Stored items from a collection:
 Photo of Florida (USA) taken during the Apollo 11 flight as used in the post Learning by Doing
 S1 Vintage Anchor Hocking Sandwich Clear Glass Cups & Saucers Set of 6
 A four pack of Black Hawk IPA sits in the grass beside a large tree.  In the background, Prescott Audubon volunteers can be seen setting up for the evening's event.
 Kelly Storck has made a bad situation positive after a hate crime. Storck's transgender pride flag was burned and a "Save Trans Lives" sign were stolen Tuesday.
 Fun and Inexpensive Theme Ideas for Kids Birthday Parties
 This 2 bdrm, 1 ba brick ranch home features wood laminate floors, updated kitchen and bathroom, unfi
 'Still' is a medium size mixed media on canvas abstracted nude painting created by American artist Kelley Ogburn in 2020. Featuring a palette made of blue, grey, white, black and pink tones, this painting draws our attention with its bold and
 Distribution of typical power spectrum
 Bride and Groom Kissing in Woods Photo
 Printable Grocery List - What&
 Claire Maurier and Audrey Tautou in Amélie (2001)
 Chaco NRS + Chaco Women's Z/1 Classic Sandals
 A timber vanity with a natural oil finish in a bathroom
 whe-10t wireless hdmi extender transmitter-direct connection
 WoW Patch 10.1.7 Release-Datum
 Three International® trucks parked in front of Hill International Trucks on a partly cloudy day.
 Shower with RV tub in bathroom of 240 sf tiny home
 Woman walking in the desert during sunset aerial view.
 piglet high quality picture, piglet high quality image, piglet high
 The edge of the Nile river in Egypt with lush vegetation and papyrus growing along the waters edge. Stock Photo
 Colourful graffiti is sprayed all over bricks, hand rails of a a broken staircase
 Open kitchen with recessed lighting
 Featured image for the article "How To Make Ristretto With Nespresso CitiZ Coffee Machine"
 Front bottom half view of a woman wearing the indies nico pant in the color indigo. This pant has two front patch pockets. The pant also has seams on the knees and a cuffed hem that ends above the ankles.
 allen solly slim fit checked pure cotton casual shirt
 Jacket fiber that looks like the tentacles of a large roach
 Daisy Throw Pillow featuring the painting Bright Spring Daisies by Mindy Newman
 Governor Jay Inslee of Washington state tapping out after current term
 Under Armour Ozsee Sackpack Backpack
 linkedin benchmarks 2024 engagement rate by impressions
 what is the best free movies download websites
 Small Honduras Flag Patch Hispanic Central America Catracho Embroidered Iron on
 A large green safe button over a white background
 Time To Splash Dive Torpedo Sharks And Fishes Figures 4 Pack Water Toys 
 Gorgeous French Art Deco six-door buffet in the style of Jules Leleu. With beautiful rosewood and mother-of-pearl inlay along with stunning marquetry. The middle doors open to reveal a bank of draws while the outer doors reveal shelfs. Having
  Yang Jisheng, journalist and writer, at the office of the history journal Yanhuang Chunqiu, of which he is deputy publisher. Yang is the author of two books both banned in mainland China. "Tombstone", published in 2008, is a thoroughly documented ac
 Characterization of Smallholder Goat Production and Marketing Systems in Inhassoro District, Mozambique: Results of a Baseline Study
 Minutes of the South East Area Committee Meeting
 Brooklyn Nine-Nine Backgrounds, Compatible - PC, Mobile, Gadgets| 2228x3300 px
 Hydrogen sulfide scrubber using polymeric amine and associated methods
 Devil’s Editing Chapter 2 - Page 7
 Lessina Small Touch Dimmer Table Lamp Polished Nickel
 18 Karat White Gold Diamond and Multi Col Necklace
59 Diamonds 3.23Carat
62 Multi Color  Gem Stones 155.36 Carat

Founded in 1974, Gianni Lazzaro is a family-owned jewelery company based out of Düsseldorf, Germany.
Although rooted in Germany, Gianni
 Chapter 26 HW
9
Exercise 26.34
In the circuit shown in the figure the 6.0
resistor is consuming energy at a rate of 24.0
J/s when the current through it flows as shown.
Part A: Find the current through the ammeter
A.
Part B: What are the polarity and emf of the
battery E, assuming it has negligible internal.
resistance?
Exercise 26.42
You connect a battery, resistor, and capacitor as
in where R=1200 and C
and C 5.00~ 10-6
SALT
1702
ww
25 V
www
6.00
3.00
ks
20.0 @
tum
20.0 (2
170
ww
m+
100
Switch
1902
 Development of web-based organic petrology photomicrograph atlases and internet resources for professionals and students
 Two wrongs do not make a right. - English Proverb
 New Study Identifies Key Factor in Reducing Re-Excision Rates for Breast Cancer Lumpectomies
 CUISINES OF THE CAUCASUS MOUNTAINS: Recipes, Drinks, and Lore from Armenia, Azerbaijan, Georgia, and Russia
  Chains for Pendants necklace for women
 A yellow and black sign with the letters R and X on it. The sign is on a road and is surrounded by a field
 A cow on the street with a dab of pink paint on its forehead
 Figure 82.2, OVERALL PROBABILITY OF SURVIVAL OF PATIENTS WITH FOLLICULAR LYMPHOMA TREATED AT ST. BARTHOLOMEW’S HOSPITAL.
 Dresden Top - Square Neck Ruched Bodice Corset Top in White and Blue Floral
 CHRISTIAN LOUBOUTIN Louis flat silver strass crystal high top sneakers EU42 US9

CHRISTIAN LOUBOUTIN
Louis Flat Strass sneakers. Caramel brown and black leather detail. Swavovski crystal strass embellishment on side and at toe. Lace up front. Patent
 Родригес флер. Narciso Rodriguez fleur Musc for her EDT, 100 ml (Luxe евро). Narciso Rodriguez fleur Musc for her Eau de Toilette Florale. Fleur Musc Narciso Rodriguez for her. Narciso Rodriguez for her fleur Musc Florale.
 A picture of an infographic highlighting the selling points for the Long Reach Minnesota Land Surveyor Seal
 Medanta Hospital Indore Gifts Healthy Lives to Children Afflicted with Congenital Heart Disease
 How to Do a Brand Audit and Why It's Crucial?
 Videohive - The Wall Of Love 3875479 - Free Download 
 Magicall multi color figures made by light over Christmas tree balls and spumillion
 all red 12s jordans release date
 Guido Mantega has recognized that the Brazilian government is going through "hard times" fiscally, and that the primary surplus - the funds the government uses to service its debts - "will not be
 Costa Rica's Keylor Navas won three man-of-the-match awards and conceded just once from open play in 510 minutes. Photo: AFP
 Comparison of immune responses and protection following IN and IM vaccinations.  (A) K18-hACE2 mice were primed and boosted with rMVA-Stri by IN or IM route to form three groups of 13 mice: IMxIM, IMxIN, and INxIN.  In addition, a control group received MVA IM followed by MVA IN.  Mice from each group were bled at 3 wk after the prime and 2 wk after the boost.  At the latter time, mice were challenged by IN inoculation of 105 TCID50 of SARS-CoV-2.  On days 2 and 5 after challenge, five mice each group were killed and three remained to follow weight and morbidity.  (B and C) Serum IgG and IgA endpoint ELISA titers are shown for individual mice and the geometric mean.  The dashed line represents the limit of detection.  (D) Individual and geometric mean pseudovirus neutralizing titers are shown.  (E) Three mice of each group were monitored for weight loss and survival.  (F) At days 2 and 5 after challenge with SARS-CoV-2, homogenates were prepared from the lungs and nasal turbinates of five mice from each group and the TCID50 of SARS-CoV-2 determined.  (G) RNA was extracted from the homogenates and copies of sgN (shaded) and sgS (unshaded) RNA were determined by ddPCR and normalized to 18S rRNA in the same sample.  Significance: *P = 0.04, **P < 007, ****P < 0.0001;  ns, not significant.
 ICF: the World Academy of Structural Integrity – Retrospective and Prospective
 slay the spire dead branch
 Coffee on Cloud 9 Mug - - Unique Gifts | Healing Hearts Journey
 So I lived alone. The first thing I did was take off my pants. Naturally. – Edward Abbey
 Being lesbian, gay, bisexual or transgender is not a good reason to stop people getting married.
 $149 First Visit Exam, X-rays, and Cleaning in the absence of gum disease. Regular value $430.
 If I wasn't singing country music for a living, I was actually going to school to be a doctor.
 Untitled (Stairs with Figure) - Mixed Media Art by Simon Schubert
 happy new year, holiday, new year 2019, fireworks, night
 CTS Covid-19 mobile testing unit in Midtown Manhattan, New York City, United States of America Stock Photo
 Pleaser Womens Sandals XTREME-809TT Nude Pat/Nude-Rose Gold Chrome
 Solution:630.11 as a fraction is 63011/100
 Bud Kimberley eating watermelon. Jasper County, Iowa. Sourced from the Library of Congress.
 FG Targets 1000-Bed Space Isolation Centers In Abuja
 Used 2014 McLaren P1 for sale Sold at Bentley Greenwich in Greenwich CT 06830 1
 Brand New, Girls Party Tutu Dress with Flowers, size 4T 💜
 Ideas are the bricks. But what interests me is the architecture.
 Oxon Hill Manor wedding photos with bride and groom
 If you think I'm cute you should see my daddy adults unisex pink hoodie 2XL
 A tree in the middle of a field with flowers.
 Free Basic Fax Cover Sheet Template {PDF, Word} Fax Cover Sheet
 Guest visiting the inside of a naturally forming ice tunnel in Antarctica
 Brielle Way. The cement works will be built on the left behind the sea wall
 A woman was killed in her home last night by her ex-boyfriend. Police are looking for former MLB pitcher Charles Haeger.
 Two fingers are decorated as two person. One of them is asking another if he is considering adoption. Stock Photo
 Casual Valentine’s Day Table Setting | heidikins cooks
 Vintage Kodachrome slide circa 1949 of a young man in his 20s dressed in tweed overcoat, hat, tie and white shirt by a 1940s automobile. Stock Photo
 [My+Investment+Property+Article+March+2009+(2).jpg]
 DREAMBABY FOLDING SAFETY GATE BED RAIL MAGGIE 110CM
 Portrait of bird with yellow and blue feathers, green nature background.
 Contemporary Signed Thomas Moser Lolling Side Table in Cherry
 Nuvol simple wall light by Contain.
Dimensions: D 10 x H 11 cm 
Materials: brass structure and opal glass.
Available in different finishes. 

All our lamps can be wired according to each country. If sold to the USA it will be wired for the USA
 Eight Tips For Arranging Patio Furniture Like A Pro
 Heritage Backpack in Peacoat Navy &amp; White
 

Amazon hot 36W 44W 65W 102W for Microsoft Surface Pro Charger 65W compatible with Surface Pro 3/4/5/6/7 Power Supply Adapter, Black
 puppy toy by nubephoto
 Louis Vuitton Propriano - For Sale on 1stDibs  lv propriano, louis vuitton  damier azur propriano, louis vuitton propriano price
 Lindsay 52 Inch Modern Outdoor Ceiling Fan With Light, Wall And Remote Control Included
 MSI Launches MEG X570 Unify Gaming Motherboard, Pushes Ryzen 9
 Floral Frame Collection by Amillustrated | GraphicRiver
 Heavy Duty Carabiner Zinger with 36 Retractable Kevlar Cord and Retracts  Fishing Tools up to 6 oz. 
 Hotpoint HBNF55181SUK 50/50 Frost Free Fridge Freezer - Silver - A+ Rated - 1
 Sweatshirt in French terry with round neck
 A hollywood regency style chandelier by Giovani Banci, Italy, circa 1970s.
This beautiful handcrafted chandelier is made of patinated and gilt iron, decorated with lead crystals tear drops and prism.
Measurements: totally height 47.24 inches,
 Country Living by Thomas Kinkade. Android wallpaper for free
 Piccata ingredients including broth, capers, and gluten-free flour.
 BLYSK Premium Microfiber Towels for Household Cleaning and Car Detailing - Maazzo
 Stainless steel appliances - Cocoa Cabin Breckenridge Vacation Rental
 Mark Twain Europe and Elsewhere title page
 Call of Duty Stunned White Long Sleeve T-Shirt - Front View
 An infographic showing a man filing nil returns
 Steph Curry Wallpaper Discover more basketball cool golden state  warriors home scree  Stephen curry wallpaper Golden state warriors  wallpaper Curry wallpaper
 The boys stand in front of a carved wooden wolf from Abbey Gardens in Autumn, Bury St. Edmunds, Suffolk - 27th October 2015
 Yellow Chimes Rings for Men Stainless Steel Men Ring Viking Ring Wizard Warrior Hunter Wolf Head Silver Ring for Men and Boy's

Exercise description:
In the data above, find the line that contains "Part A: Find the current through the ammeter" and the line that contains "A cow on the". Repeat exactly those lines and every line between them, and only those.

Expected output:
Part A: Find the current through the ammeter
A.
Part B: What are the polarity and emf of the
battery E, assuming it has negligible internal.
resistance?
Exercise 26.42
You connect a battery, resistor, and capacitor as
in where R=1200 and C
and C 5.00~ 10-6
SALT
1702
ww
25 V
www
6.00
3.00
ks
20.0 @
tum
20.0 (2
170
ww
m+
100
Switch
1902
 Development of web-based organic petrology photomicrograph atlases and internet resources for professionals and students
 Two wrongs do not make a right. - English Proverb
 New Study Identifies Key Factor in Reducing Re-Excision Rates for Breast Cancer Lumpectomies
 CUISINES OF THE CAUCASUS MOUNTAINS: Recipes, Drinks, and Lore from Armenia, Azerbaijan, Georgia, and Russia
  Chains for Pendants necklace for women
 A yellow and black sign with the letters R and X on it. The sign is on a road and is surrounded by a field
 A cow on the street with a dab of pink paint on its forehead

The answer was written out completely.